Market capacity is ample in Canada, such that consulting firm WTW is encouraging commercial lines insureds to leverage current competitive conditions to obtain improved ratings and enhanced terms.
The report, Insurance Marketplaces Realities Spring Update 2025 also encourages these clients to be vigilant about the changes in their exposures due to economic uncertainty. Insurers themselves, meanwhile, are focused on catastrophe exposures.
The extensive global report includes rate predictions for both Canadian casualty and commercial property lines. For casualty, they say the Canadian insurance market is expected to experience prolonged stability and manageable pricing. Property rates, meanwhile, are expected to stabilize in 2025, “with ample capacity from both new-entrant and incumbent markets driving rates downward,” they write. “Top-line growth has been the key message from insurers throughout Q1 2025. These conditions exist despite 2024 experiencing the largest amount of insured natural catastrophe losses (circa CAD $8.5-billion) in Canada.”
In general liability, they say carriers are increasingly concerned about foreign exposure risks, particularly from the United States. Carriers are encouraged to anticipate how tariffs impact future claims settlements and associated costs.
Automobile liability, meanwhile, remains core to overall Canadian net-written premium and is expected to grow.
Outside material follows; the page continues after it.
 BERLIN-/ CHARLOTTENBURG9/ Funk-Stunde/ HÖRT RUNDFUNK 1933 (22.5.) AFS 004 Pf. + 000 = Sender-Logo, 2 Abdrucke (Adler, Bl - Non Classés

In Canada, the market is seen as still profitable, particularly in comparison to U.S. markets. “Carriers with a North American presence benefit from the diversification, often using the Canadian market to support strong overall results,” the report states. “Premium savings are primarily driven by the introduction of new competition in the market.” Similarly, in property, the consulting firm says it has seen rate reductions over 10 per cent when a new market offers competing terms. “We’re seeing insurers that have traditionally not written certain risks or industries, coming to the table with capacity as they look for premium growth.”
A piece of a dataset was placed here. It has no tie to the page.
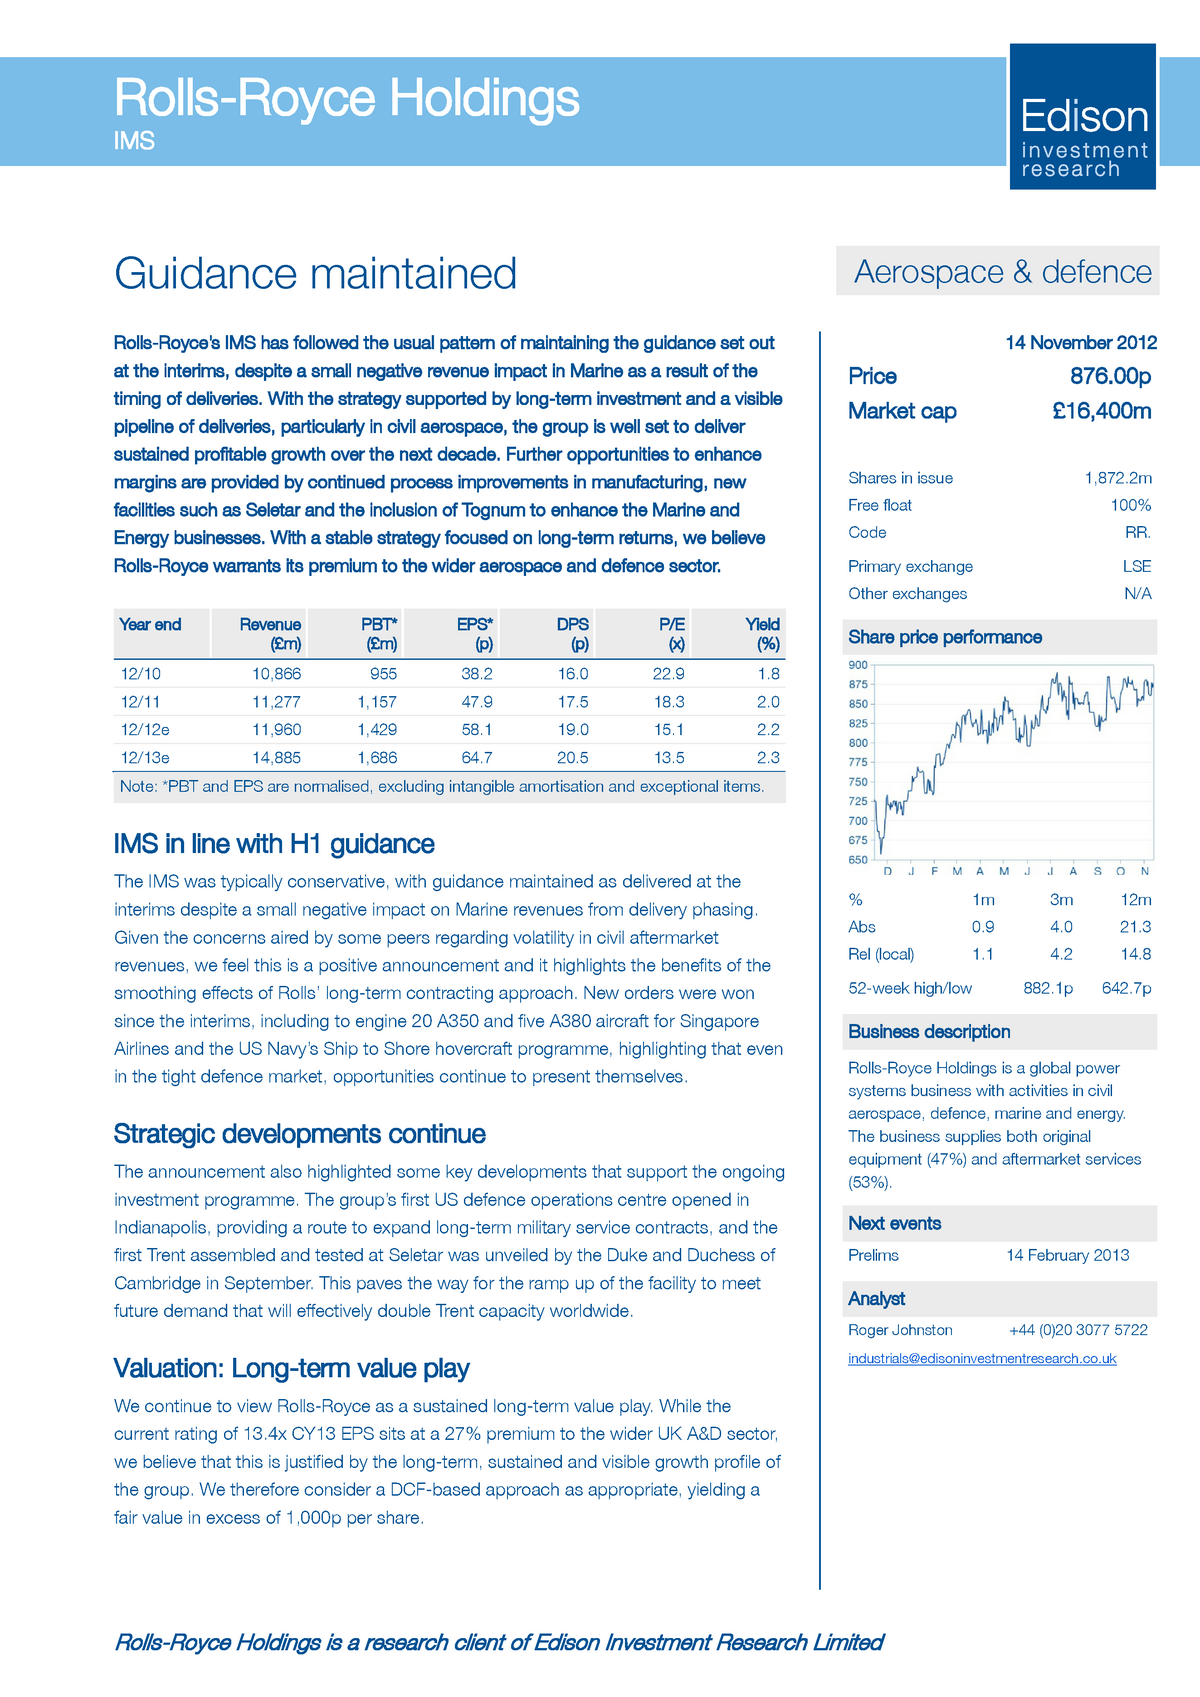 Rolls Royce Holdings Analysis - StuDocu

On the flip side, they also say where clients are situated in high-hazard zones, especially those experiencing significant losses in previous years already, insurers are looking to apply rate increases between 10 and 15 per cent.
In its commentary about umbrella and excess liability, they say despite the expected rise in claims settlement costs and expenses, carriers continue to deploy large lines of capacity at competitive rates.
Going forward, they say there will be more emphasis on paying for coverage to address emerging exposure gaps in traditional commercial policies.